孟夕堯正聲道:「多餘的慈悲是沒有用的。救了那一房人,就得再救隔壁房的人,開了這個頭,整個地穴的人都得救,到時候誰也跑不了。莫說會驚動伏龍寨的人前來追捕,也不提要帶上全部的人,光是隔壁二十個人的話,帶出去了我們也沒辦法保全他們能夠在野外生存下來。讓他們跟著我們,到最後我們只會拖累死所有人。
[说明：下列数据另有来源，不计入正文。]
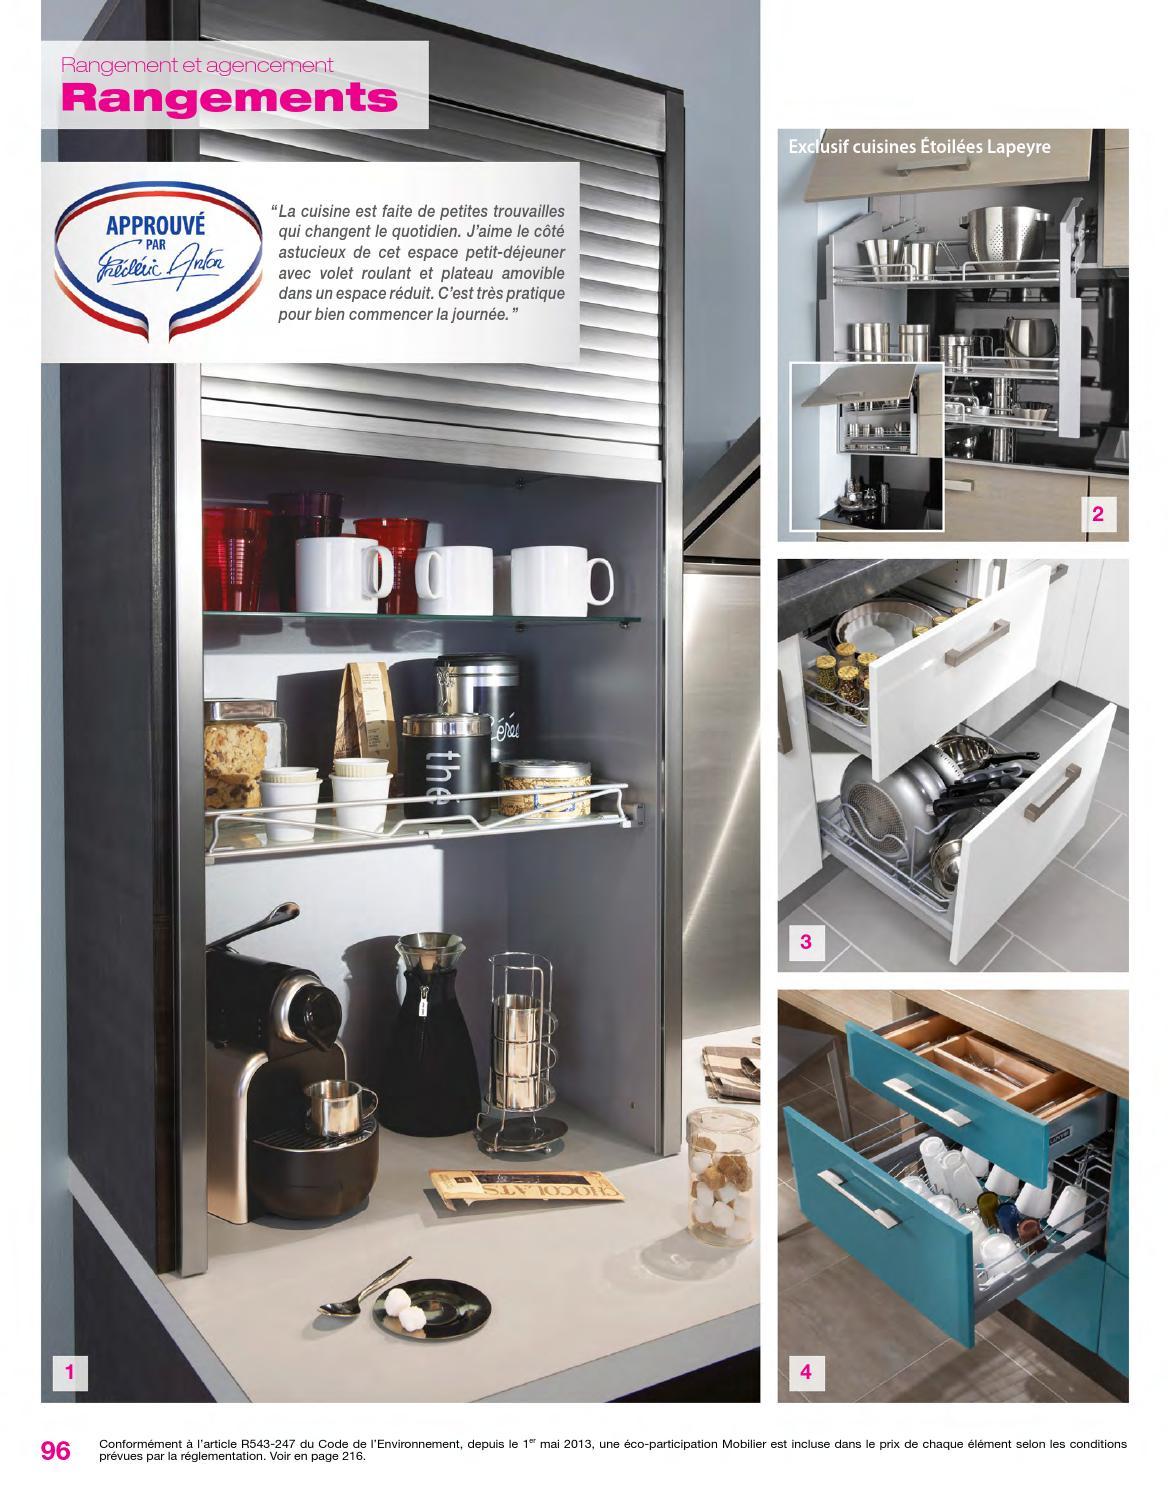 Rangement Petit Dejeuner Cuisine catalogue lapeyre - cuisines & électroménager 2014joe

我也想救他們,我比你更加愧疚,那可都是生命啊!」
西裝男的死,讓孟夕堯一直耿耿於懷。
司空瑤默默低下了頭,沒想到孟夕堯心裡頭竟然裝著這麼多的委屈。
孟夕堯的聲音越來越低,心裡頭像是下定了什麼決心,一咬牙,接著狠狠地道:「而且我現在,只想帶你逃離這裡,他們的死活,與我無關!」
司空瑤愣了一下,孟夕堯抓住司空瑤的手腕,往地道的盡頭跑去。
那兒通往叢林,那兒偏僻深遠,跑出去,自由就在前方。
於此同時,那囚犯反應過來,自己是被欺騙了。
他的心裡頭猛地湧起一股無名火。
「你敢丟下老子,老子也要你不得好死!」
囚犯猛地一喊:「有人逃獄啦!」
一呼百應,囚犯一聲吼帶動了其餘所有人的怨毒,滿滿的一腔仇恨化作悲怒一併嘶喊。
「越獄啦,有人越獄啦!」
騷亂驚動了獄卒,鼻涕泡都嚇破了去,猛地回過神來,果真發現司空瑤和孟夕堯不翼而飛。
聽聞地道另一頭的咒怨聲,孟夕堯心裡頭沒有一絲憎惡,他自認是自己背信棄義在先,怨不得旁人,只是抓緊司空瑤的手,逐漸加快腳步。
嘹亮的警戒聲響遍伏龍寨,囚犯越獄的消息頃刻之間打破了伏龍寨的寧靜,大批隊的人馬開始出動。
伏龍寨的人訓練有素,迅速集結了搜捕隊和巡邏隊。黃岡帶領的搜捕隊負責從地道往前追緝逃犯,而林芊婷帶領的巡邏隊則負責控制寨內安全,提防逃犯流竄,其餘所有部門各自待命。
從警備聲響到所有部門準備待命,前後不過三分鐘。
而恰恰就是這三分鐘,司空瑤和孟夕堯早已逃入了長山山脈之中。